Be Ye Perfect
When Jesus says, “Be ye perfect as your Father in heaven in perfect,” does that mean we can attain perfection, and should we?
There are a couple of things we need to understand about this statement. In the first place, the word that is translated “perfect” literally means “be complete.” So often, the New Testament and the Old Testament will describe people as being upright and righteous—not in the sense that they have achieved total moral perfection, but rather that they have reached a singular level of maturity in their growth in terms of spiritual integrity. However, in this statement, it’s certainly legitimate to translate it using the English word perfect. For example, “Be ye complete as your heavenly Father is complete.” Now remember that your heavenly Father is perfectly complete! So if we are to mirror God in that way, we are to mirror him in his moral excellence as well as in other ways. In fact, the basic call to a person in this world is to be a reflection of the character of God. That’s what it means to be created in the image of God. Long before the Sermon on the Mount, God required the people of Israel to reflect his character when he said to them, “Be ye holy even as I am holy.” He set them apart to be holy ones. The New Testament word for that is saints.
Now to the question of whether we can, in fact, achieve moral perfection in this world. If Jesus says to be perfect, the assumption would be that he would not require us to do something that is impossible for us to achieve. Therefore, there are Christians, many Christians, who believe that, indeed, it is possible for a person to reach a state of moral perfection in this life. That view is called perfectionism, and people develop a theology whereby there’s a special work of the Holy Spirit that gives them victory over all sin or all intentional sin that renders them morally perfect in this world. The mainstream of Christianity, however, has resisted the doctrine of perfectionism chiefly because we see the record of the greatest saints in biblical history and in church history who to a person confessed the fact that they, to their dying day, struggled with ongoing sin in their lives. Not the least of which, of course, was the apostle Paul, who talked about his ongoing struggle with sin.

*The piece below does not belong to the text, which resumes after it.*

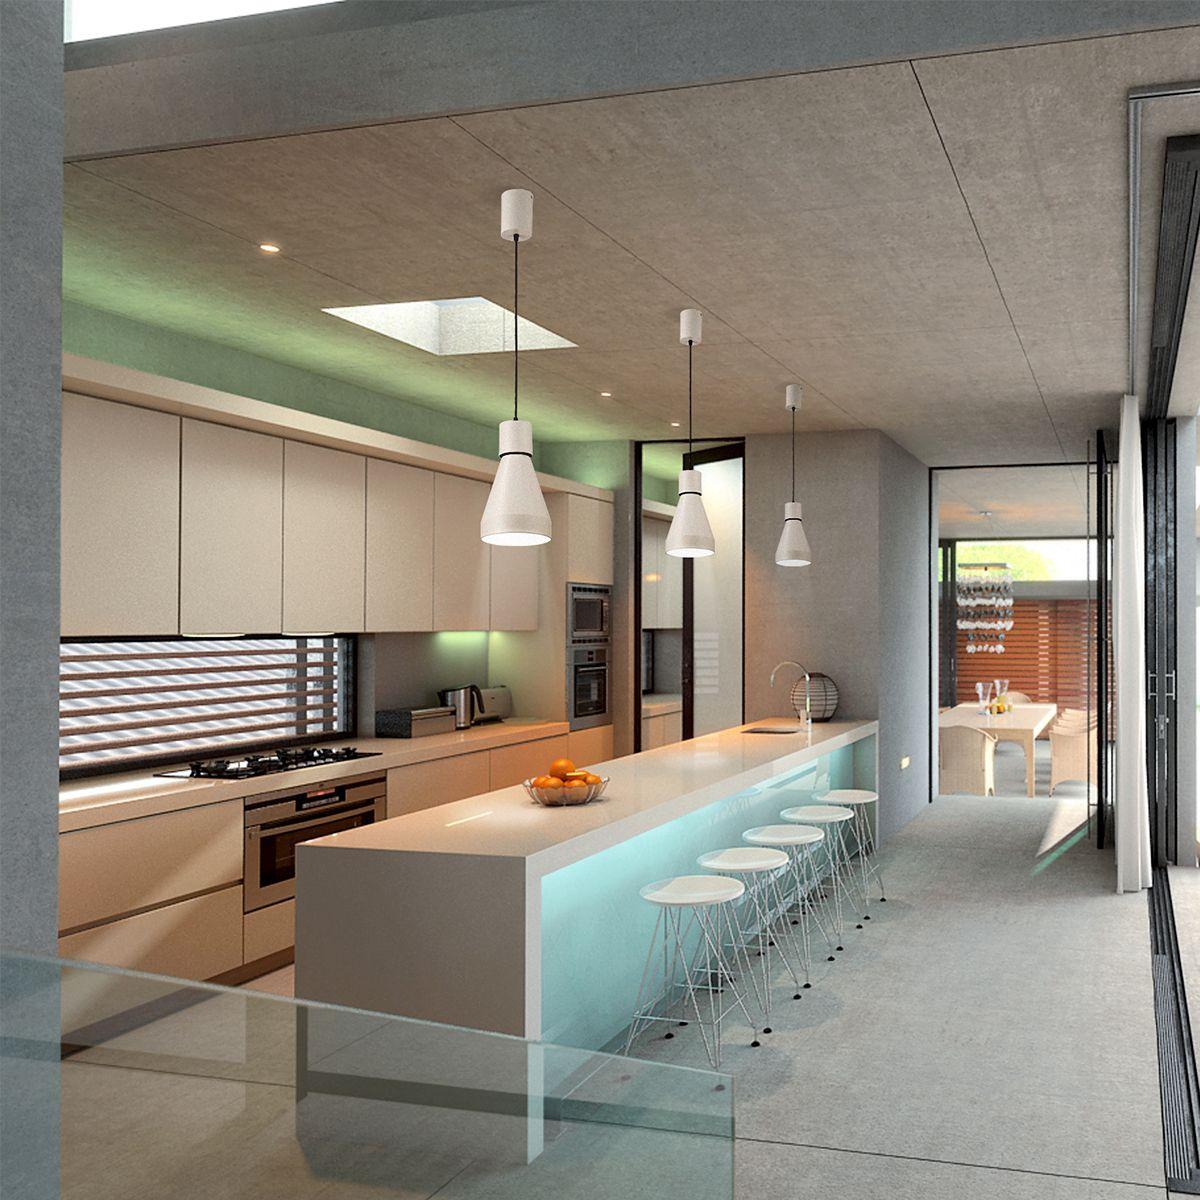 Full Size of Küchenleuchte Mantra Kos 5620 Entdecken Sie Moderne Kchenleuchte Von Wohnzimmer Küchenleuchte

Can a person be perfect? Theoretically, the answer to that is yes. The New Testament tells us that with every temptation we meet, God gives us a way to escape that temptation. He always gives us enough grace to overcome sin. So sin in the Christian life, I would say, is inevitable because of our weakness and because of the multitude of opportunities we have to sin. But on a given occasion, it is never, ever necessary. So in that sense, we could theoretically be perfect, though none of us is.